The NYT reports on how efforts to reduce air pollution have sometimes led to an increase in water pollution.
Even as a growing number of coal-burning power plants around the nation have moved to reduce their air emissions, many of them are creating another problem: water pollution. Power plants are the nation’s biggest producer of toxic waste, surpassing industries like plastic and paint manufacturing and chemical plants, according to a New York Times analysis of Environmental Protection Agency data.
Much power plant waste once went into the sky, but because of toughened air pollution laws, it now often goes into lakes and rivers, or into landfills that have leaked into nearby groundwater, say regulators and environmentalists.
Officials at the plant here in southwest Pennsylvania — named Hatfield’s Ferry — say it does not pose any health or environmental risks because they have installed equipment to limit the toxins the facility releases into the Monongahela River and elsewhere.
But as the number of scrubbers around the nation increases, environmentalists — including those in Pennsylvania — have become worried. The Environmental Protection Agency projects that by next year, roughly 50 percent of coal-generated electricity in the United States will come from plants that use scrubbers or similar technologies, creating vast new sources of wastewater.

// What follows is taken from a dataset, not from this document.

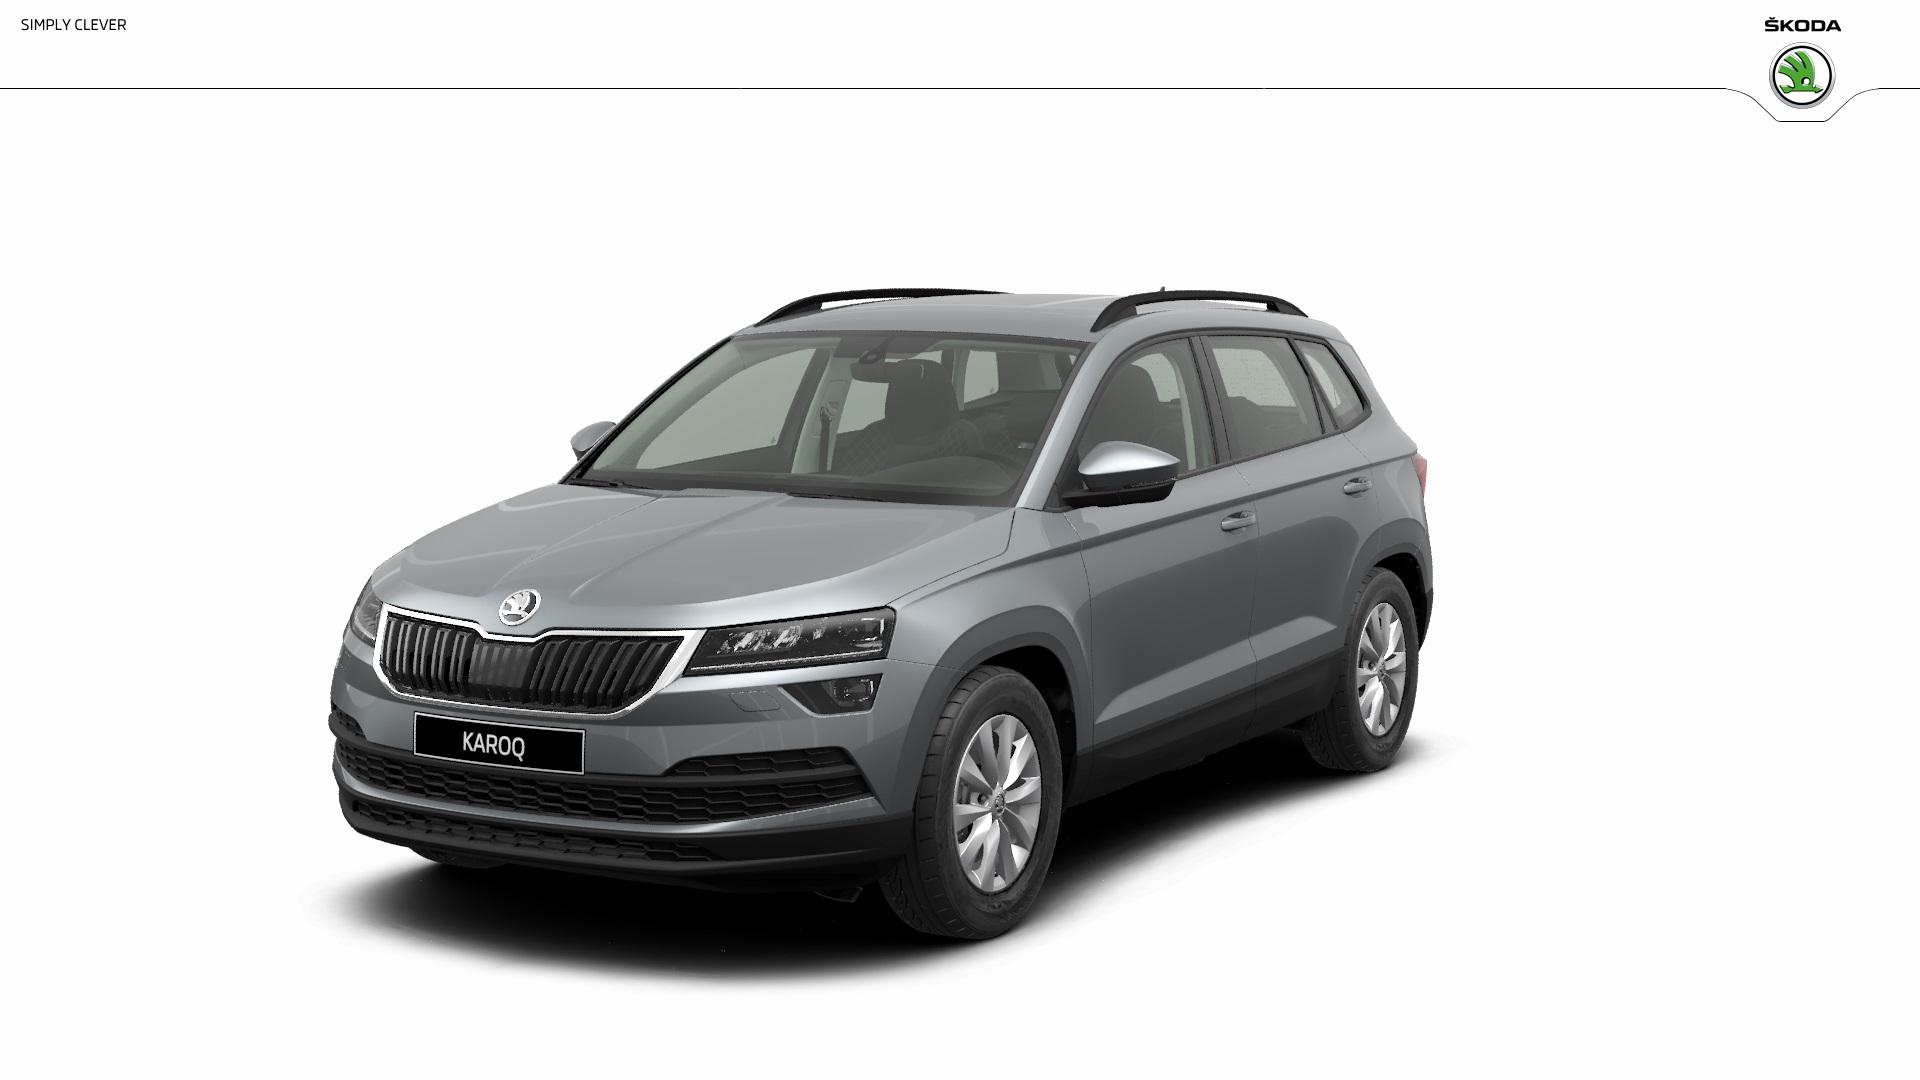 Nové kompaktní SUV Škoda KAROQ s nepřehlédnutelným designem – prodej a servis

Yet no federal regulations specifically govern the disposal of power plant discharges into waterways or landfills. Some regulators have used laws like the Clean Water Act to combat such pollution. But those laws can prove inadequate, say regulators, because they do not mandate limits on the most dangerous chemicals in power plant waste, like arsenic and lead.
One problem is the focus on scrubbers as a means of pollution control when, in some instances, fuel switching or other measures may to the trick. (Of course, for years federal regulations discouraged use of low-sulfur coal as a means of emission control, even though it could have produced greater emission reductions. See Ackerman & Hassler, Clean Coal, Dirty Air (1981).)
This is not the only example of environmental regulations controlling pollution in one media while increasing it in another. The federal oxygenate mandate for reformulated gas in the 1990 Clean Air Act resultedin widespread use of MTBE in gasoline, which has led to widespread groundwater contamination in many parts of the country. Part of the kicker with MTBE, however, is that it did very little to reduce automotive emissions. Indeed, the original mandate was less about pollution control than increasing markets for another oxygenate: ethanol. [For those interested, I told the story behind the mandate in “Clean Fuels, Dirty Air,” a chapter in Environmental Politics: Public Costs, Private Rewards (Greve & Smith eds. 1992) that was somewhat inspired by the Ackerman & Hassler work. A shorter version is available in The Public Interest archives here.]